Au quotidien en effet, nous ne percevons pas l’importance des objets ou des êtres qui nous entourent, et nous n’établissons aucun lien avec eux. Nous passons à côté d’eux sans les considérer vraiment.
Mais si nous décidons de les adopter, c’est-à-dire de les faire entrer dans notre monde, alors tout change. La chose ou l’être considéré commencent à jouer un rôle dans notre vie : ils prennent de l’importance, ils influent sur ce que nous sommes (et vice versa), il deviennent indispensables. Un lien indéfectible se crée, des émotions naissent : amour, bonheur, tristesse, nostalgie… ce qui nous rend pleinement vivant.
Les choses que nous décidons d’adopter deviennent une part de nous-même.

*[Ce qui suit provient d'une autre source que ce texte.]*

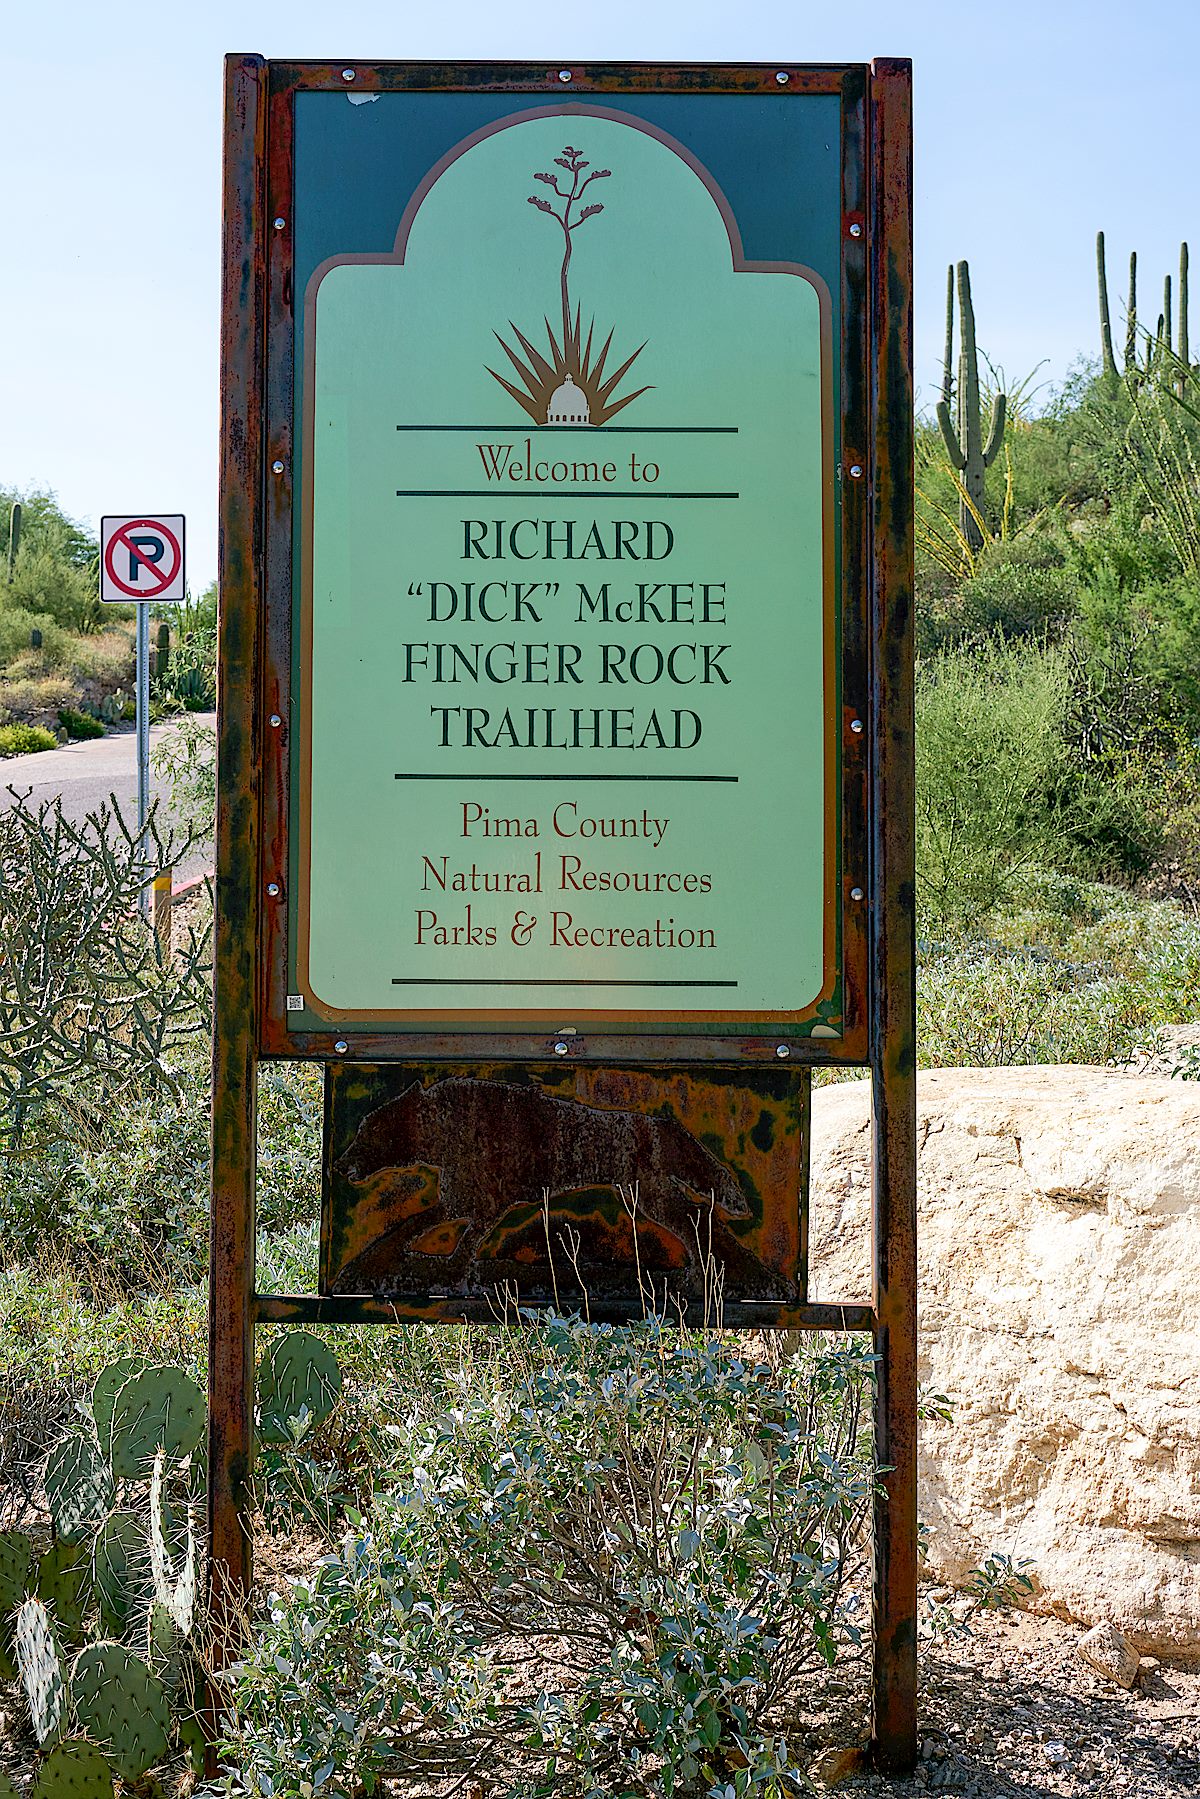 Trail sign at the start of the trail. August 2017.
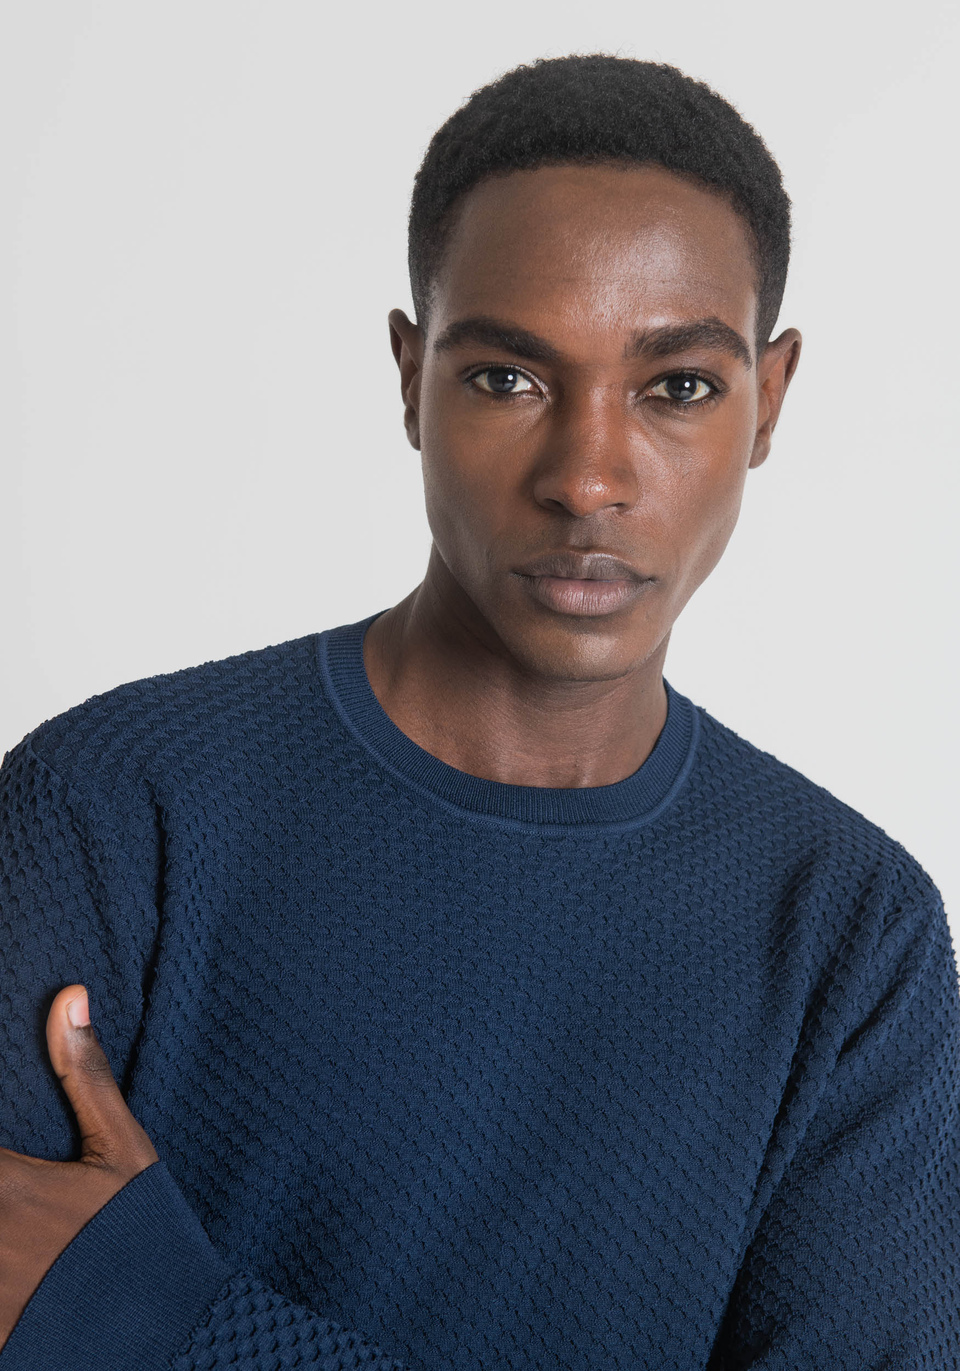 SLIM-FIT SWEATER IN VISCOSE-BLEND YARN WITH HONEYCOMB KNIT - Antony Morato Online Shop

C’est alors que notre destin rencontre celui des autres.
Si l’on élargit encore l’analyse, on comprend que la vision du coeur correspond à la prise de conscience que nous dépendons de tout ce qui peuple l’univers. Notre destin s’inscrit alors dans celui du cosmos tout entier : tout est solidaire, tout est lié, ce qui rappelle la quintessence d’Aristote (le cinquième élément ou « ciment » du monde) ou encore la sympatheia des stoïciens.
La vision du coeur est donc une prise de conscience de notre véritable place dans l’humanité et au sein du Tout : nous dépendons de ce Tout, nous ne pouvons exister qu’à travers lui. De fait, nous sommes au carrefour de toutes les influences du monde, bien loin de l’illusion de la séparation.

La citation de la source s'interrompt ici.